I took these pictures this morning – well, technically it was about 2 PM in the afternoon, but I had just woken up. I hadn’t washed my hair since sunday morning (it is now friday), I smelled bad, I had no bra on, my brows are a mess, I’ve got pimples and other blemishes on my face, but this was me this morning.
Recently, I’ve started realising, slowly, how rarely I see myself. REALLY see myself. I see others all the time, I see them in 3D; I see them happy, I see them loving, I see them sad. I see their smiles, and the look in their eyes when they talk about something they’re passionate about; I see their tears, and their frustration, when a test they should’ve aced, didn’t go as well as they’d hoped. I see the beauty in everyone I’ve ever met; I think everyone is enchantingly gorgeous in some way or another, especially when they stop trying to please other people and are happy with themselves.
Yet I’ve never been confident about the way I look. I’ve never really liked my face, I’ve never liked my body; I’ve always hated my nose, and the way my upper lashes don’t curl and my brows don’t naturally really have an arch, making me look annoyed or uninterested when I’m not actively trying not to. I’ve always struggled with how thick my hair is, and the way none of the haircuts I’ve ever had, has made it look good enough for me to LOVE it, or to do anything with it. I don’t like how I don’t have defined cheekbones, making my face look chubby from the side; and I don’t like how my lips are not that full and how my bottom lip looks off when I talk sometimes.

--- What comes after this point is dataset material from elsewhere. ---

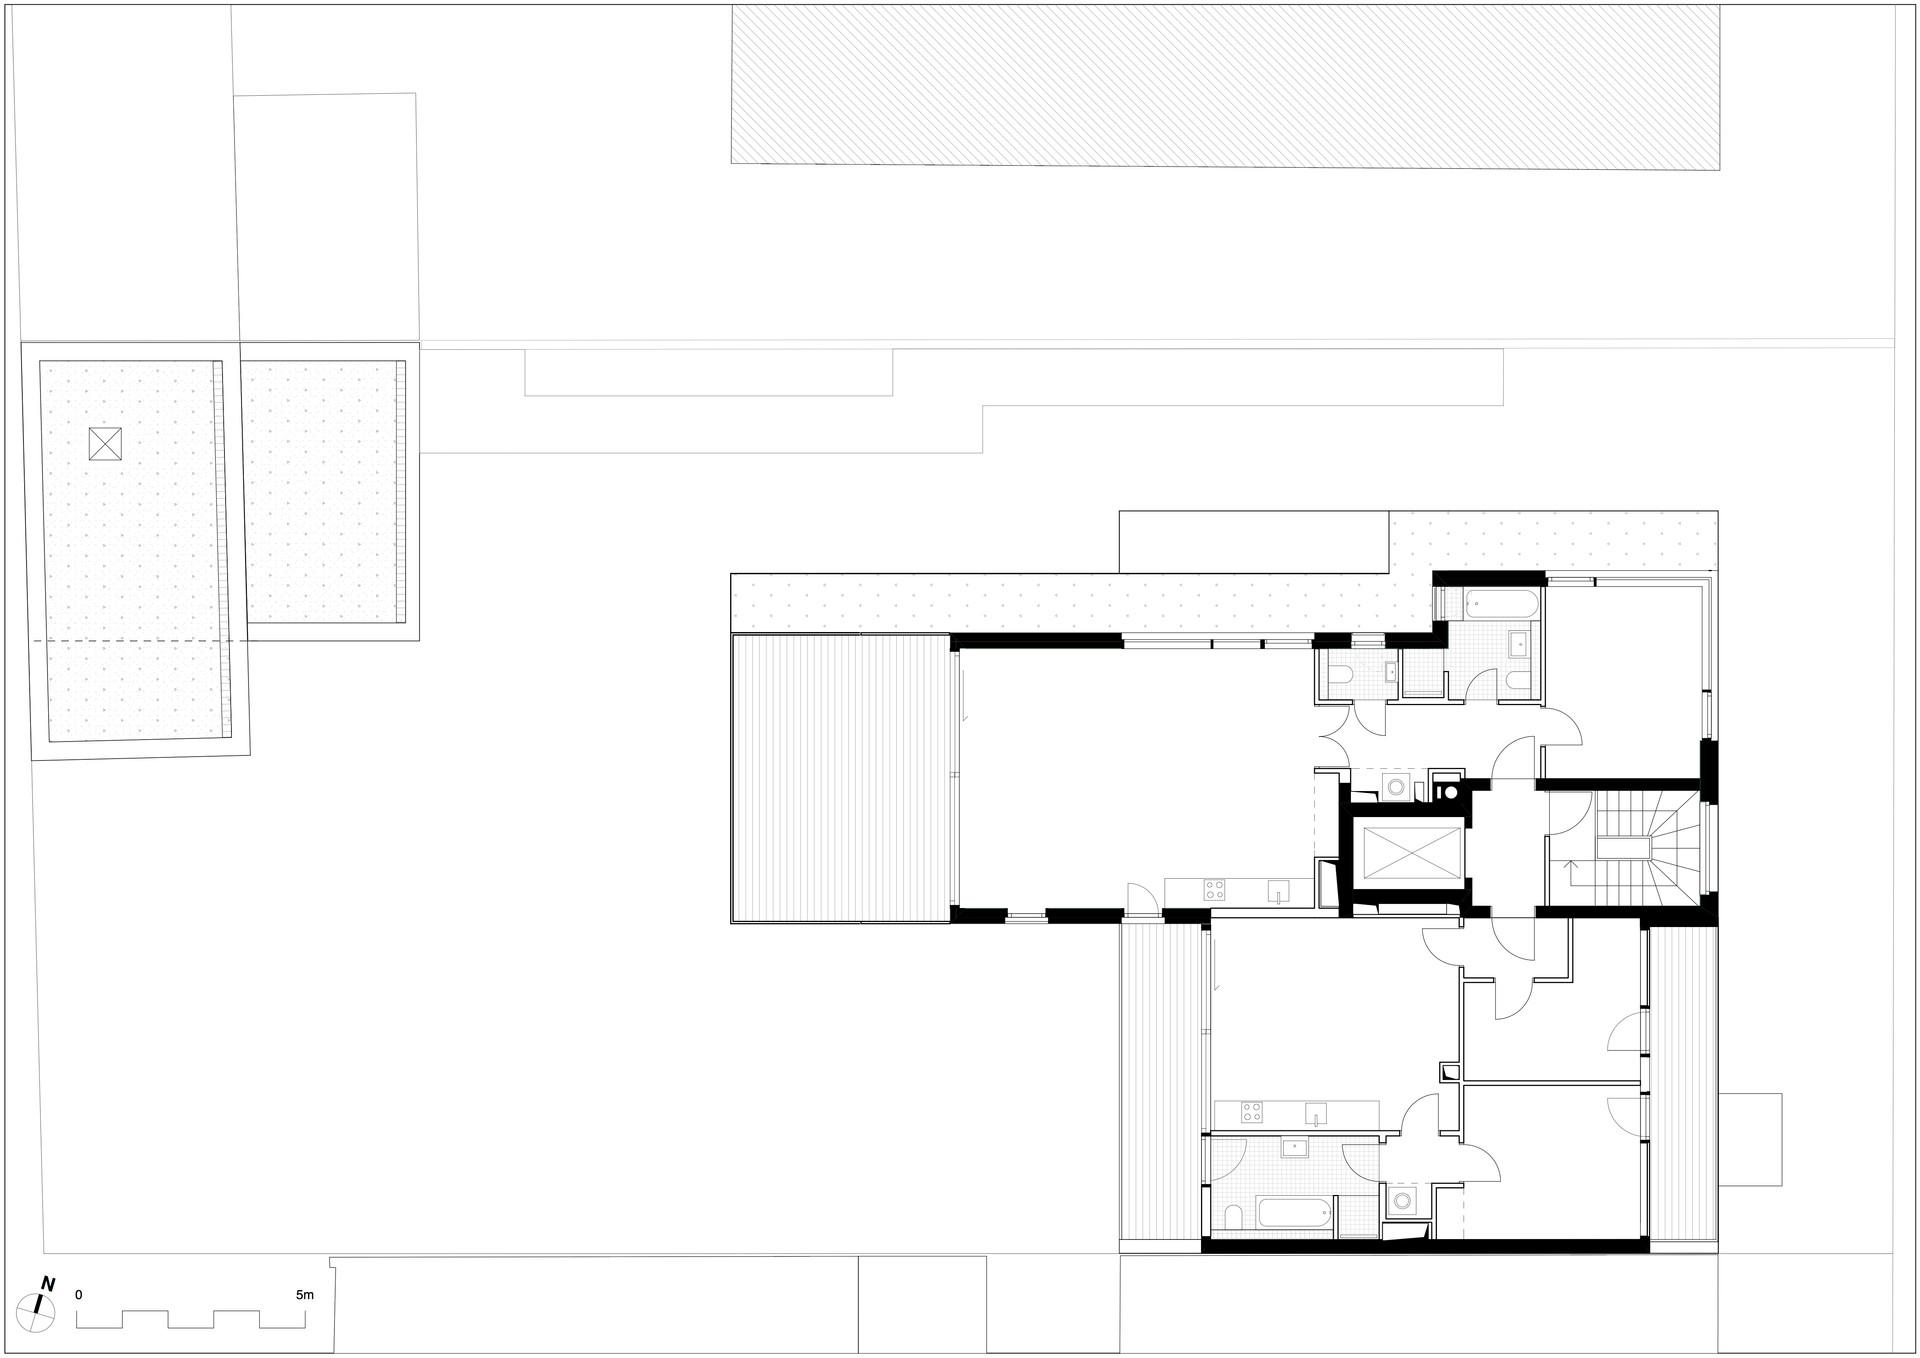 Dachgeschoss - Grundriss

When I look at these pictures, there are about 100 other things I could name that I dislike about myself. But I also see things that I’ve never seen before, not like this; I see moles on the side of my face, that I really like, but have somehow failed to notice when I’m looking in the mirror every day. I see how my eyes stand out, not only because of the colour they have (which obviously you can’t see in these pictures), but because they appear to be telling a story. I see different colours in my hair, lowlights and highlights, even though I’ve never dyed it in my life; and I see that my face is quite well proportioned, I think, there’s nothing too huge about it (not even my nose), and there’s nothing too tiny (not even my mouth).
It’s fine. My face is fine.
Even though I’m in a bad period, loving-myself wise – and even though I don’t think appearance really matters in this world, and I believe everyone should focus more on being happy and kind than on being beautiful – these pictures make me happy. Not because I think I look really good in them, but because I feel like I look fine, even though I’ve been stressed for weeks, and had already cried in bed that morning, and am tired. I’m finally starting to come to terms with what I look like, and I’m starting to learn that other people might see me the way I see them. And that’s a comforting thought.